### Material to process
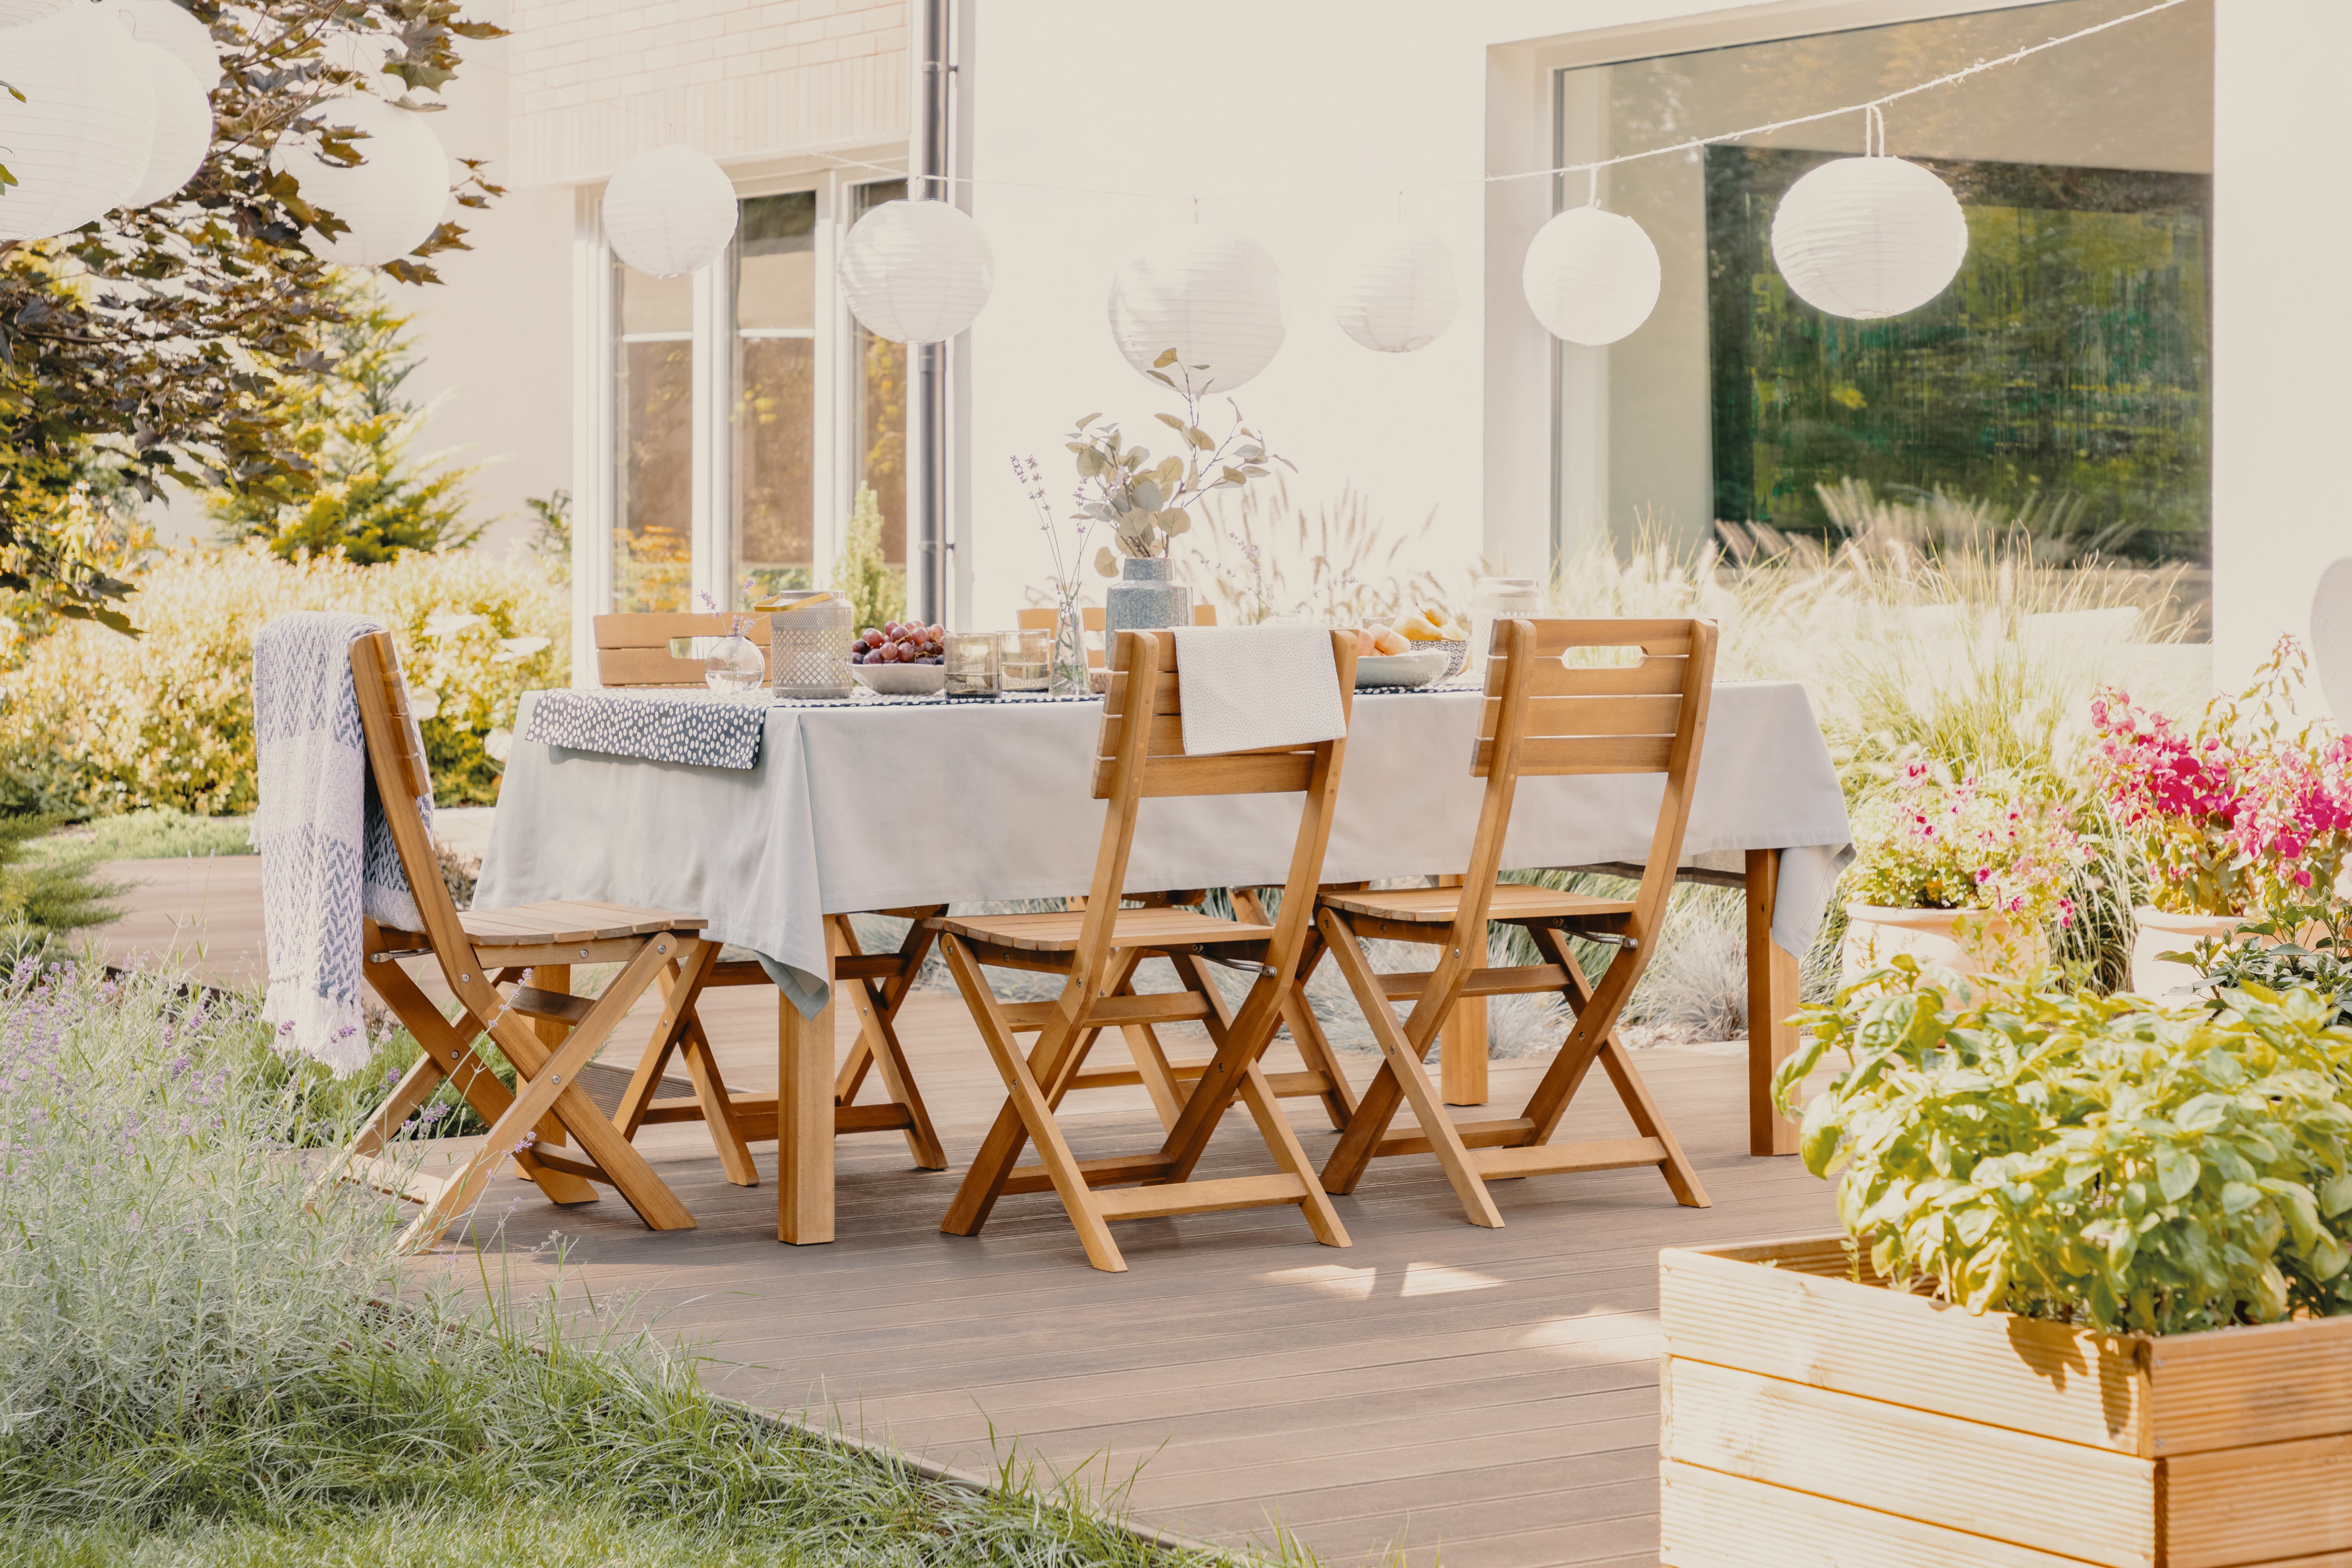 Zahradní nábytek sluší nejen vaší zahradě, ale i terase a balkónu
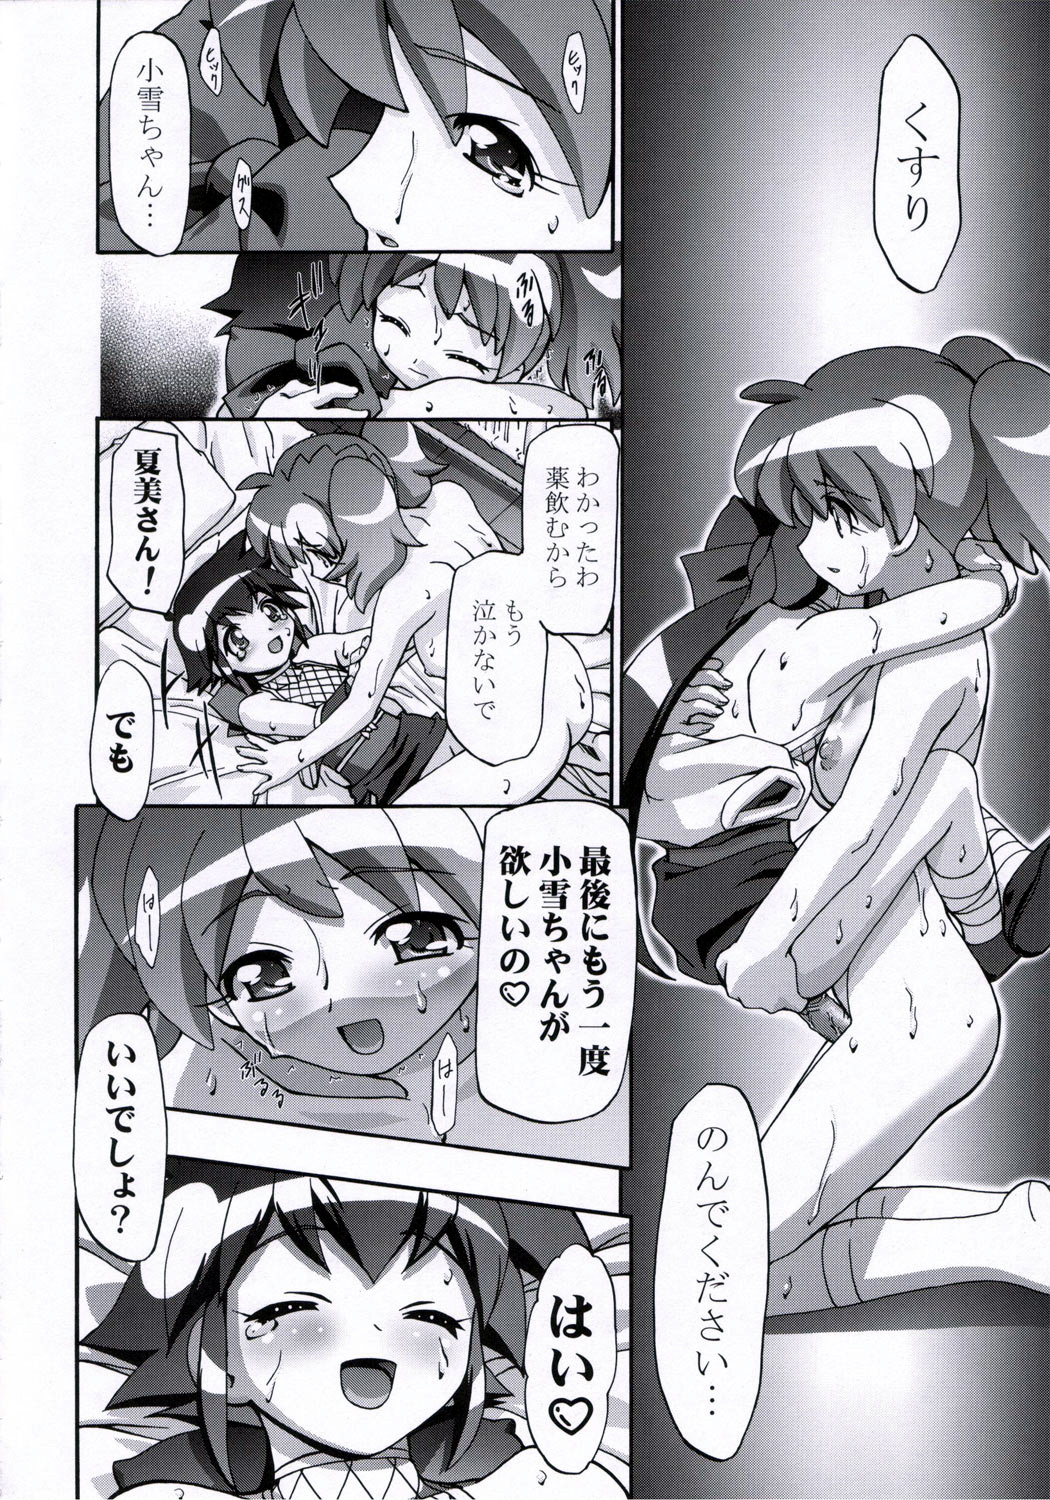 (SC31) [Gambler Club (Kousaka Jun)] Natsu Yuki - Summer Snow (Keroro Gunsou) page 35 full
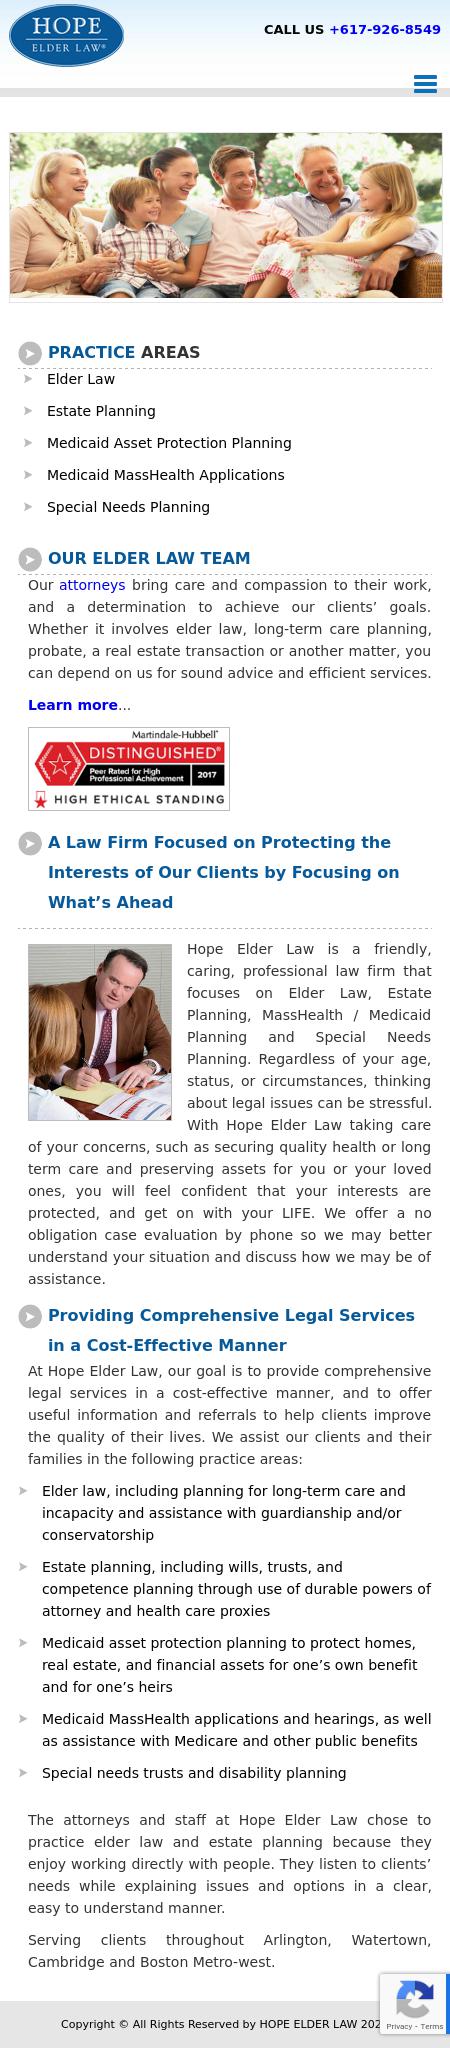 Hope Elder Law - Watertown MA Lawyers
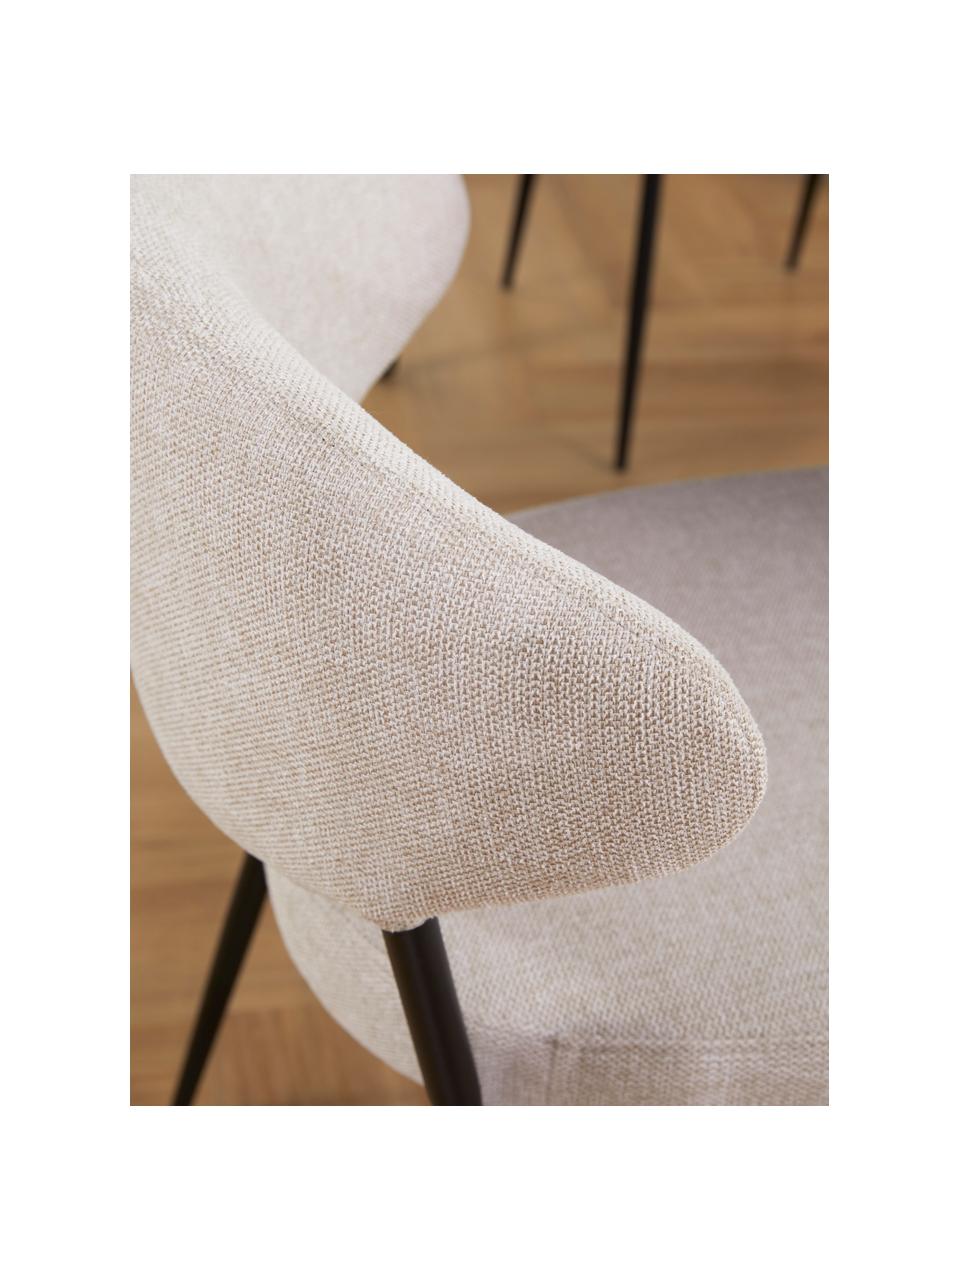 Gestoffeerde stoelen Adele in beige, 2 stuks, Frame: gepoedercoat metaal, Geweven stof beige, B 54 x H 57 cm
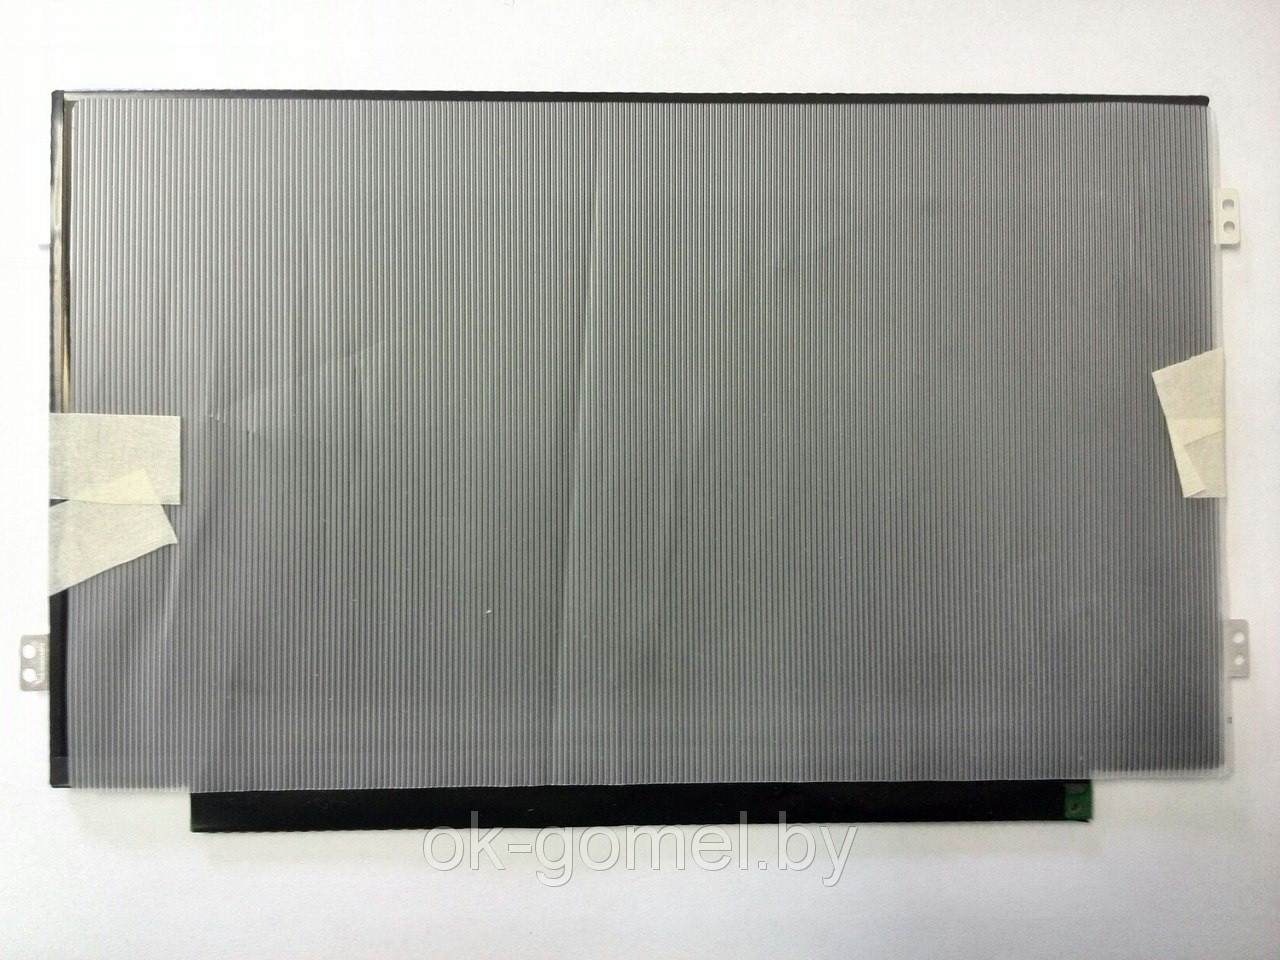 Замена матрицы (экран) для ноутбука 10,1" 1024x600, 40 pin SLIM LED

### What you will do
Return exactly the lines of the data, beginning with the first and ending with the line containing "Hope Elder Law - Watertown MA Lawyers". Skip the pictures.

### The answer
 Zahradní nábytek sluší nejen vaší zahradě, ale i terase a balkónu
 (SC31) [Gambler Club (Kousaka Jun)] Natsu Yuki - Summer Snow (Keroro Gunsou) page 35 full
 Hope Elder Law - Watertown MA Lawyers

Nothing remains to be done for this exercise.